FDI reaches US$23 billion in 2015

Foreign direct investment (FDI) registered in Vietnam saw a year-on-year increase of 12.5% in 2015 to reach US$22.76 billion, data from the General Statistics Office (GSO) revealed.

Up to 2,013 projects with US$15.58 billion in foreign investment were granted licences as of December 15, surging 26.8% in terms of the number of projects, but plunging 0.4% in terms of capital over the same period last year. Meanwhile, 814 existing projects were also allowed to increase their capital by US$7.18 billion.

During the reviewed period, FDI disbursement reached an estimated US$14.5 billion, surging 17.4% year-on-year, GSO said.

The manufacturing and processing sector attracted the lion's share of FDI at US$15.23 billion, accounting for about 67% of the nation's FDI. The production and distribution of electricity, gas, hot water and steam, and air conditioners ranked second with US$2.81 billion FDI or 12.4%, while real estate trading came third with US$2.39 billion or 10.5%.

Ho Chi Minh City beat 48 cities and provinces to become the most attractive destination for foreign investors.
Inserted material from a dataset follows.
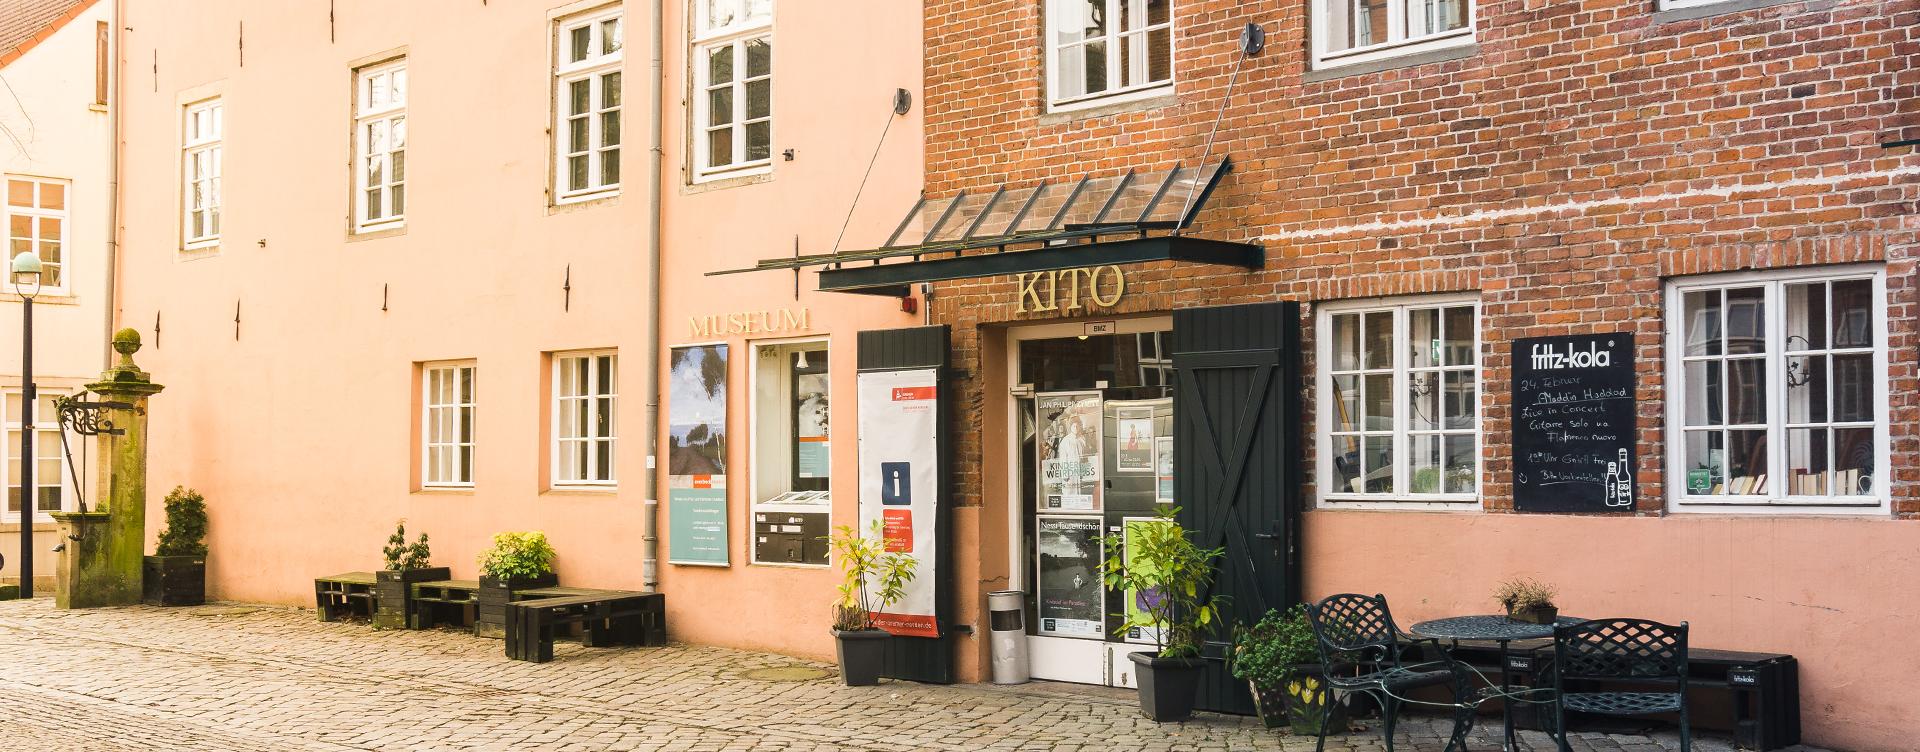 KITO - vegesack.de

The city lured more than US$2.81 billion, comprising 18% of the total FDI registered in the country.

It was followed by Tra Vinh Province with US$2.52 billion or 16.2%, Binh Duong Province with US$2.46 billion or 15.8%, Dong Nai Province with US$1.47 billion or 9.4% and Hanoi with US$910.7 million or 6%.

Other localities that also attracted FDI are Haiphong City (US$573.1 million), Tay Ninh Province (US$503 million) and Quang Ninh Province (US$374 million).

Among 58 countries and territories that have invested in Vietnam, the Republic of Korea is the country's largest source of FDI with US$2.68 billion, accounting for 17.2% of the total new FDI, followed by Malaysia with US$2.45 billion or 15.7% and Japan with US$1.28 billion or 8.2%, besides the United Kingdom with US$1.26 billion or 8.1% and Taiwan (China) with US$940.4 million or 6%.

Experts said Vietnam was likely to attract more foreign investment next year and in the future because of the opportunities and advantages resulting from free trade agreements (FTAs).

Vo Tri Thanh, deputy head of the Central Institute of Economic Management, said of the FTAs, the Trans Pacific Partnership (TPP) deal and FTA between Vietnam and the European Union would bring great opportunities for the nation and attract additional foreign investment, especially FDI.

If foreign investors came to Vietnam to participate in production and business, they could approach large markets that are member countries of the FTAs, Thanh said.

These member countries include the US, Japan, Australia and Canada in the TPP, and European Union nations operating under the FTA.

Hoang Thi Chinh from the HCM City Economics University said Vietnam would enjoy great opportunities from not only Japanese and American investments, but also the Republic of Korea's ones.

There would be investments not in labour-intensive industries, but in fields that required hi-tech and intelligence, Chinh told Dat Viet online newspaper.

The Republic of Korea's and Japan's investors might pour money into agriculture, while the US was likely to inject money into hi-tech fields, she said.